Signed-off-by: Yiwen Jiang <jiangyiwen@xxxxxxxxxx>
---
 drivers/vhost/vsock.c                   |  31 +++++++---
 include/linux/virtio_vsock.h            |   6 +-
 net/vmw_vsock/virtio_transport.c        | 105 ++++++++++++++++++++++++++++----
 net/vmw_vsock/virtio_transport_common.c |  59 ++++++++++++++----
 4 files changed, 166 insertions(+), 35 deletions(-)

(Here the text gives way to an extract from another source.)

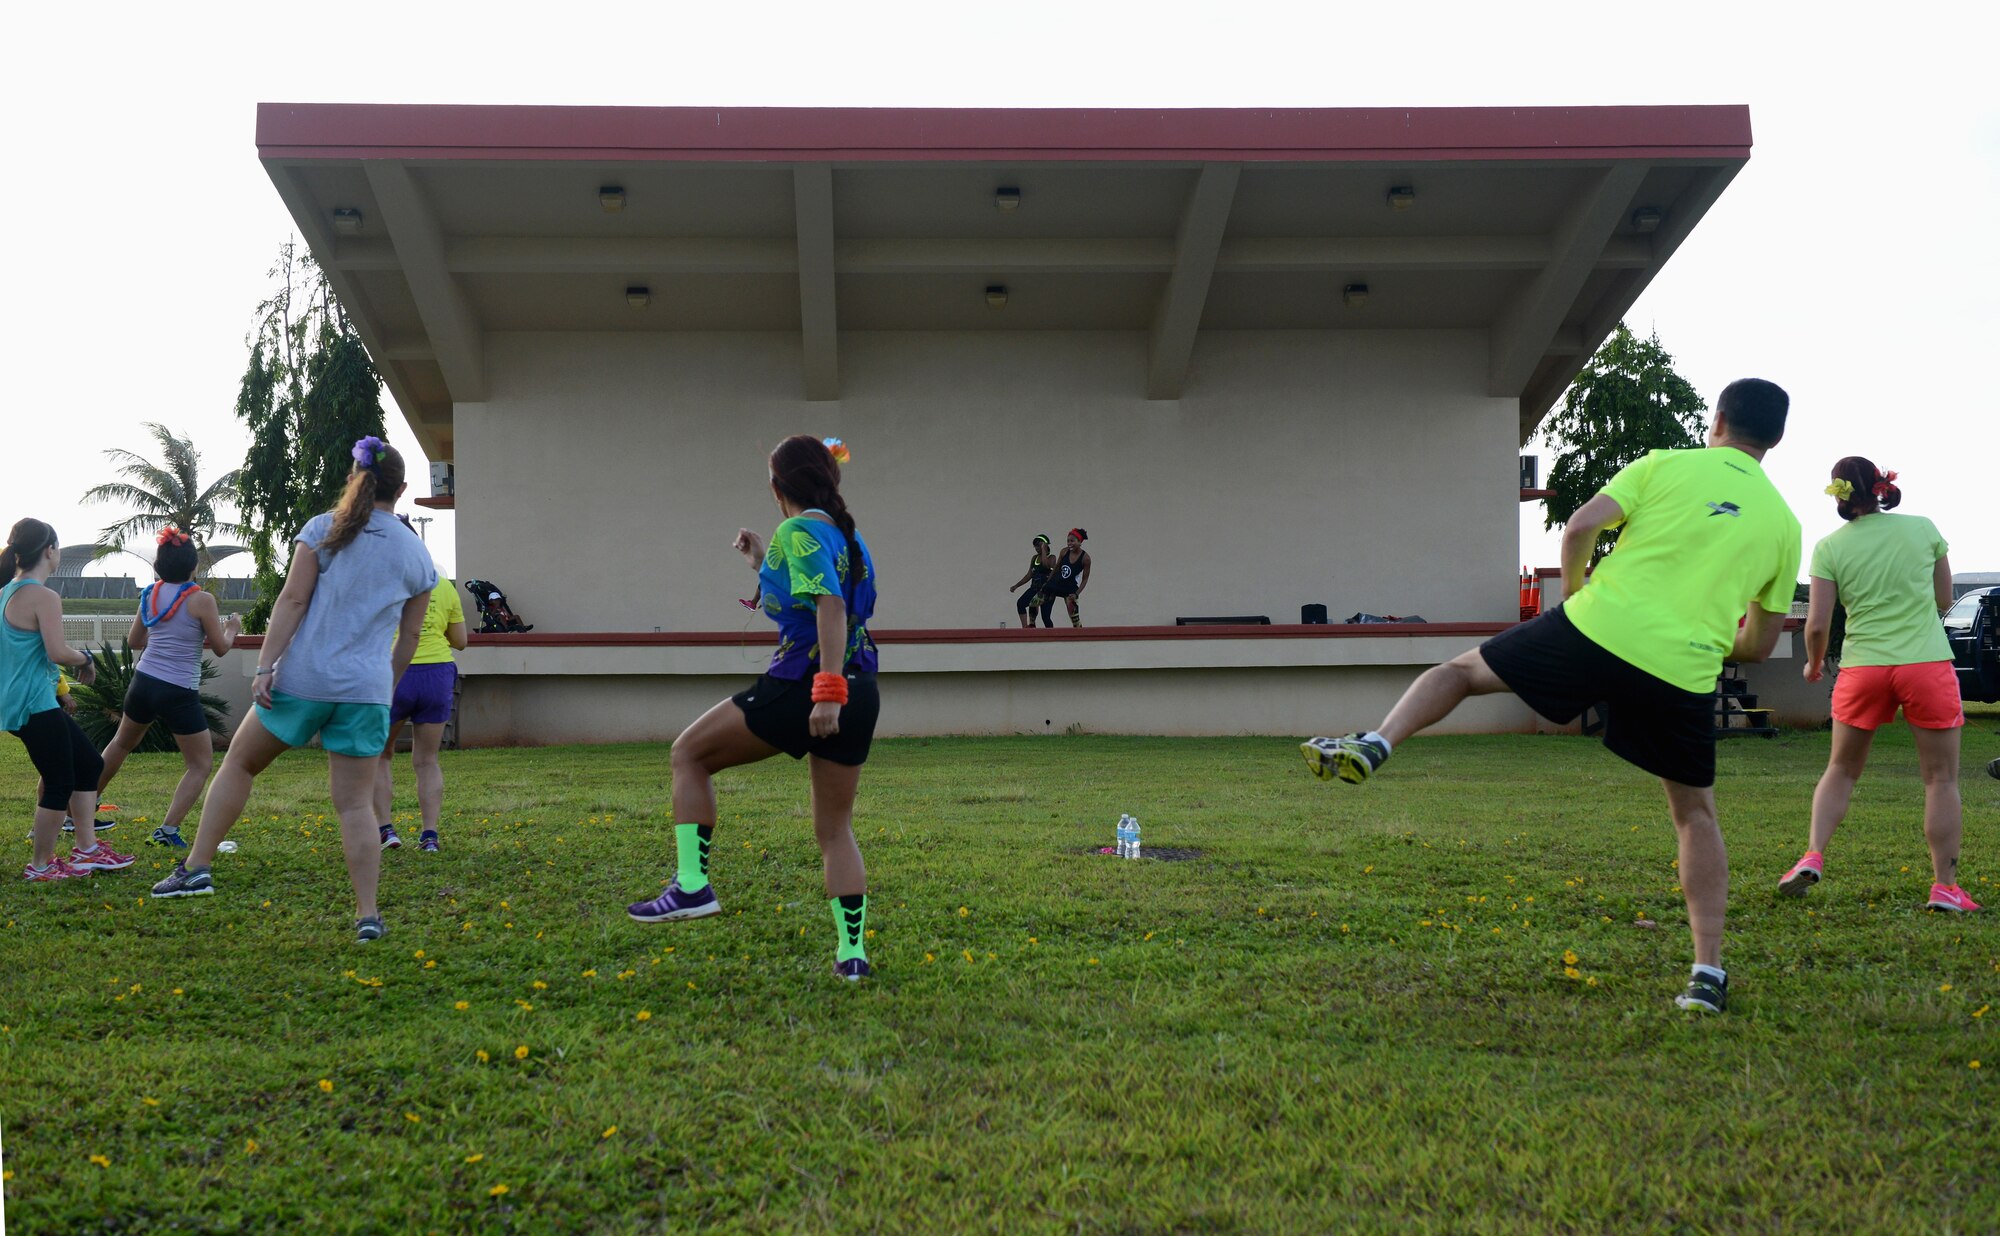 Runners participate in a warm-up before the Reggae 5K run July 16, 2015, at Andersen Air Force Base, Guam. Approximately 80 participants competed in the reggae-themed 5K run organized by the 36th Force Support Squadron. (U.S. Air Force photo by Airman 1st Class Arielle Vasquez/Released)

diff --git a/drivers/vhost/vsock.c b/drivers/vhost/vsock.c
index dc52b0f..c7ab0dd 100644
--- a/drivers/vhost/vsock.c
+++ b/drivers/vhost/vsock.c
@@ -179,6 +179,8 @@ static int get_rx_bufs(struct vhost_virtqueue *vq,
 		size_t nbytes;
 		size_t len;
 		s16 headcount;
+		size_t remain_len;
+		int i;

 		spin_lock_bh(&vsock->send_pkt_list_lock);
 		if (list_empty(&vsock->send_pkt_list)) {
@@ -221,11 +223,19 @@ static int get_rx_bufs(struct vhost_virtqueue *vq,
 			break;
 		}

-		nbytes = copy_to_iter(pkt->buf, pkt->len, &iov_iter);
-		if (nbytes != pkt->len) {
-			virtio_transport_free_pkt(pkt);
-			vq_err(vq, "Faulted on copying pkt buf\n");
-			break;
+		remain_len = pkt->len;
+		for (i = 0; i < pkt->nr_vecs; i++) {
+			int tmp_len;
+
+			tmp_len = min(remain_len, pkt->vec[i].iov_len);
+			nbytes = copy_to_iter(pkt->vec[i].iov_base, tmp_len, &iov_iter);
+			if (nbytes != tmp_len) {
+				virtio_transport_free_pkt(pkt);
+				vq_err(vq, "Faulted on copying pkt buf\n");
+				break;
+			}
+
+			remain_len -= tmp_len;
 		}

 		vhost_add_used_n(vq, vq->heads, headcount);
@@ -341,6 +351,7 @@ static void vhost_transport_send_pkt_work(struct vhost_work *work)
 	struct iov_iter iov_iter;
 	size_t nbytes;
 	size_t len;
+	void *buf;

 	if (in != 0) {
 		vq_err(vq, "Expected 0 input buffers, got %u\n", in);
@@ -375,13 +386,17 @@ static void vhost_transport_send_pkt_work(struct vhost_work *work)
 		return NULL;
 	}

-	pkt->buf = kmalloc(pkt->len, GFP_KERNEL);
-	if (!pkt->buf) {
+	buf = kmalloc(pkt->len, GFP_KERNEL);
+	if (!buf) {
 		kfree(pkt);
 		return NULL;
 	}

-	nbytes = copy_from_iter(pkt->buf, pkt->len, &iov_iter);
+	pkt->vec[0].iov_base = buf;
+	pkt->vec[0].iov_len = pkt->len;
+	pkt->nr_vecs = 1;
+
+	nbytes = copy_from_iter(buf, pkt->len, &iov_iter);
 	if (nbytes != pkt->len) {
 		vq_err(vq, "Expected %u byte payload, got %zu bytes\n",
 		       pkt->len, nbytes);
diff --git a/include/linux/virtio_vsock.h b/include/linux/virtio_vsock.h
index da9e1fe..734eeed 100644
--- a/include/linux/virtio_vsock.h
+++ b/include/linux/virtio_vsock.h
@@ -13,6 +13,8 @@
 #define VIRTIO_VSOCK_DEFAULT_RX_BUF_SIZE	(1024 * 4)
 #define VIRTIO_VSOCK_MAX_BUF_SIZE		0xFFFFFFFFUL
 #define VIRTIO_VSOCK_MAX_PKT_BUF_SIZE		(1024 * 64)
+/* virtio_vsock_pkt + max_pkt_len(default MAX_PKT_BUF_SIZE) */
+#define VIRTIO_VSOCK_MAX_VEC_NUM ((VIRTIO_VSOCK_MAX_PKT_BUF_SIZE / PAGE_SIZE) + 1)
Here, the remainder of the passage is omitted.